A la contra

La historia es la que es

Por Jorge Nagore - Sábado, 29 de Septiembre de 2018 - Actualizado a las 06:01h

En varias ocasiones estos años escribí que hubiese demolido el Arena. Imagino que son impulsos normales cuando leíamos que a pesar de que la obra ya estaba casi acabada quedaban flecos de varios millones, deudas con constructoras y gastos añadidos al enorme esfuerzo ya hecho. Obviamente, demoler algo que ha costado tanto es de idiotas y se dice con la boca pequeña, de igual modo que se espera que tenga éxito -con este y otros gobiernos- y cueste poco más a Navarra una vez que se ponga en marcha, que es hoy. Dicho eso, le leí ayer al arquitecto que lo diseñó decir una barbaridad que quiero aclararle.

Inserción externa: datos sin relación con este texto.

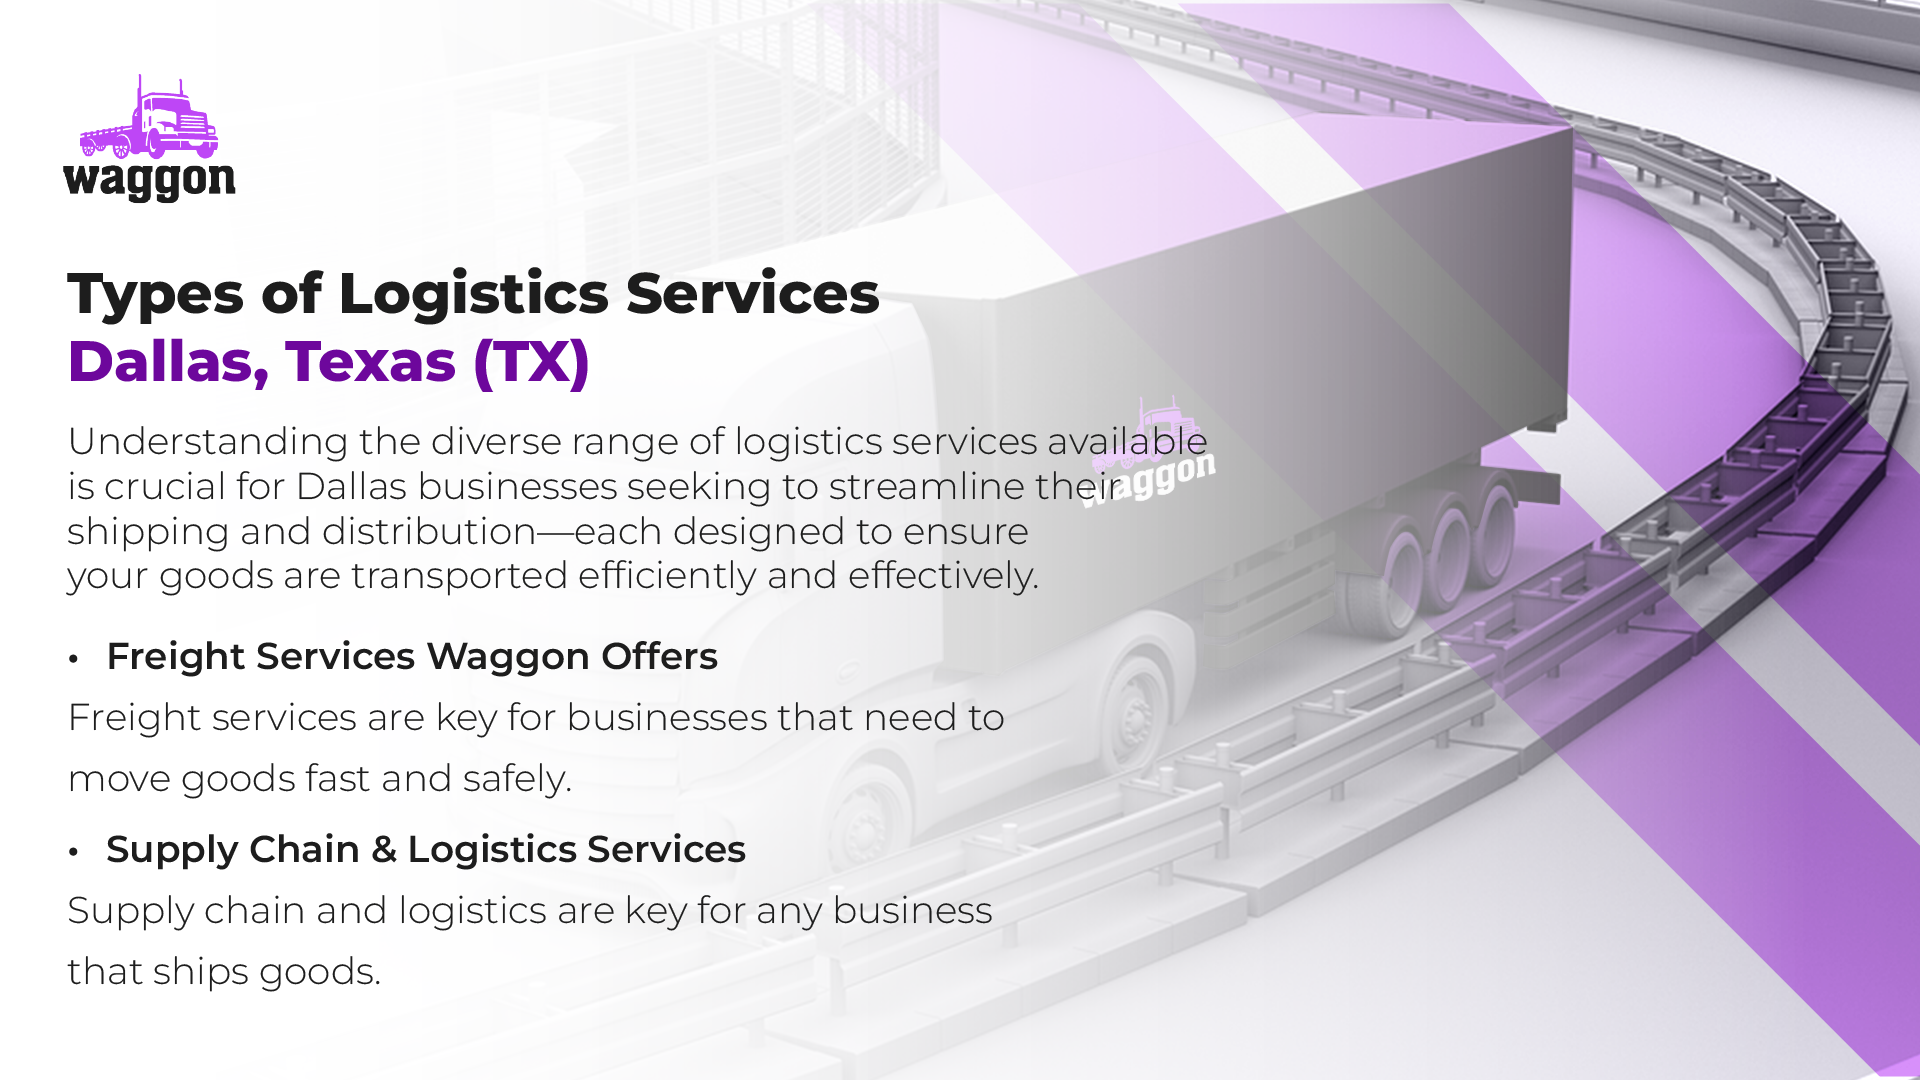 Types of Logistics Services in Dallas, Texas (TX)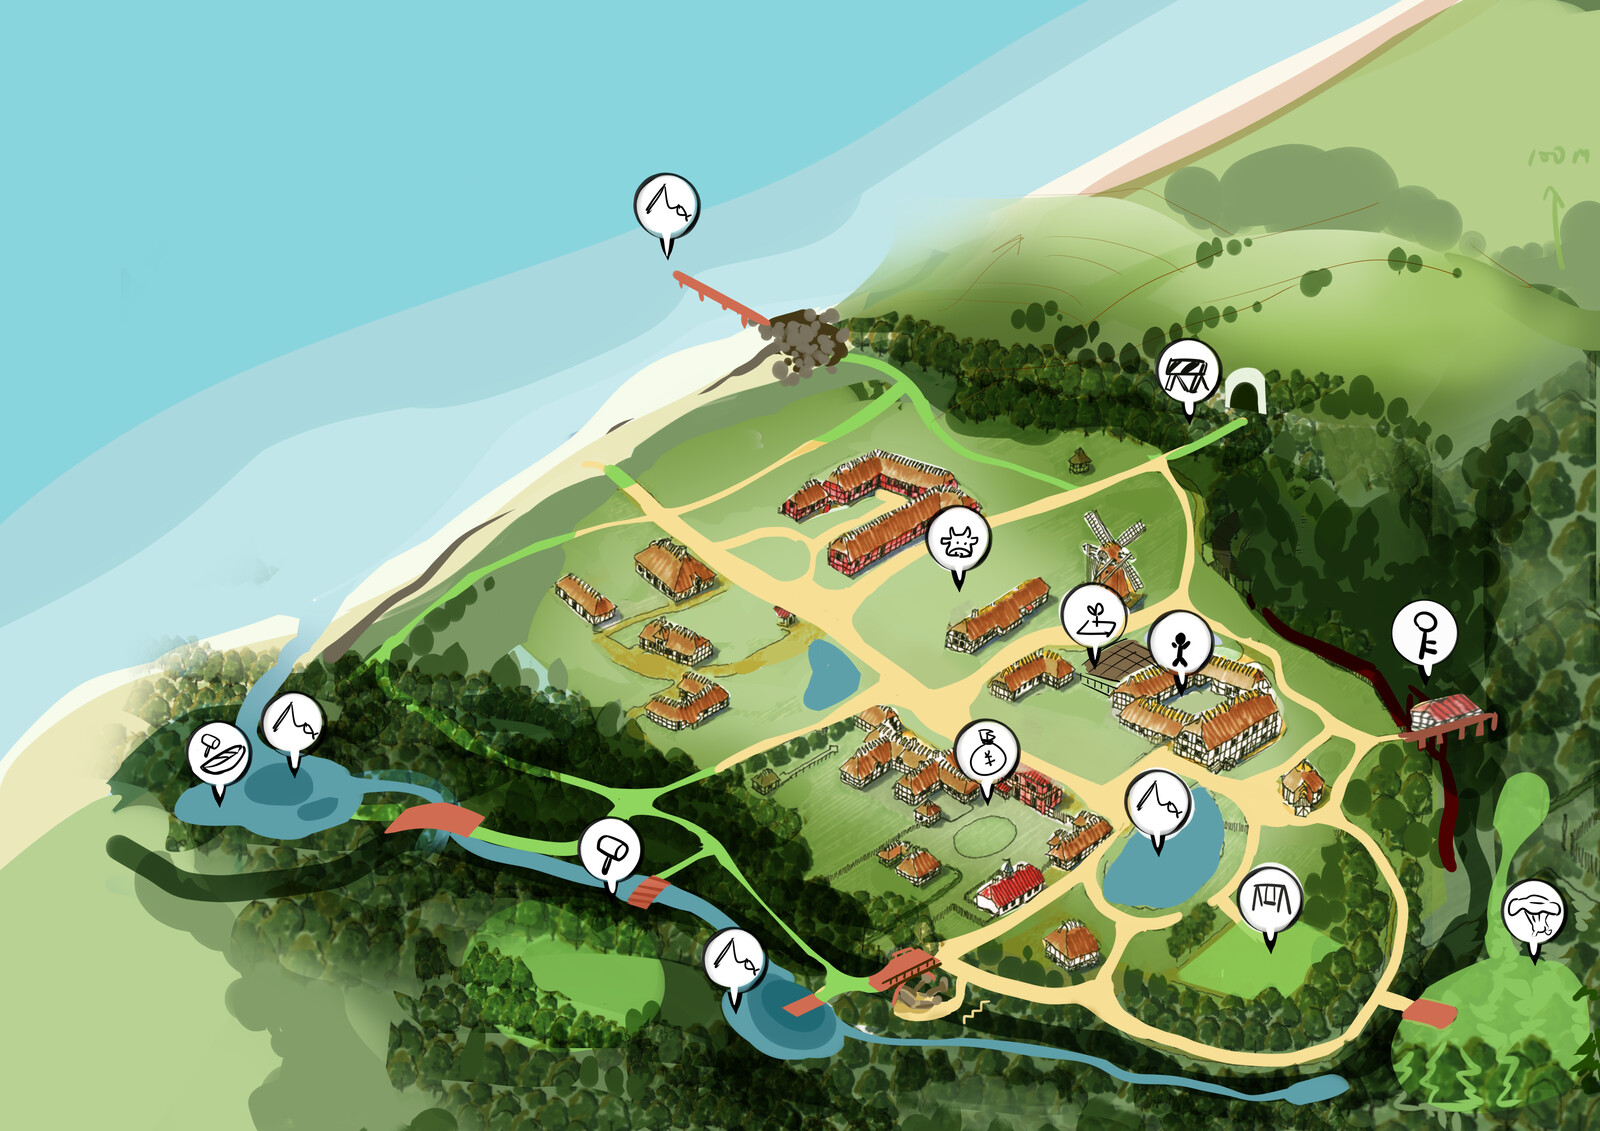 The map of the village in our game, which is in accordance with the characteristics of the landscapes in southern Denmark.

Dijo que la “crisis económica, que a nivel mundial tuvo su origen en la quiebra de Leman Brothers -15 de septiembre de 2008-, llegó a Navarra mucho más tarde”. Eso es falso y demuestra que este buen hombre no se enteró del tema, enfrascado como estaba en el Concurso de Ideas del Navarra Arena, que se convocó en enero de 2009. El 30 de septiembre de 2008, en Navarra había 24.985 parados. El 31 de enero de 2009, 123 días más tarde, había 36.375 parados, casi 12.000 más. La crisis azotó a Navarra a lo salvaje desde el inicio y mandó a la calle a miles de personas, mientras el Gobierno de Navarra seguía adelante con su proyecto faraónico. El gasto de 60 millones se aprobó en abril de 2009, en mitad de una hecatombe económica, laboral y humana sin parangón en muchos años y de la que aún no hemos salido. El Navarra Arena se aprobó como tal porque fue incluido en el Parlamento en un Plan 2012 que incluía multitud de acciones más, pero como obra, como gasto, fue un gran error aprobarlo en 2009 y seguir adelante en 2009, lo que, una vez hecho y gastado -en 9 años-, no quita para que haya que amortizarlo. Pero las críticas en su momento y a posteriori son y serán siempre justas, porque se tiró para adelante cuando habría que haber parado en mitad de un drama colosal.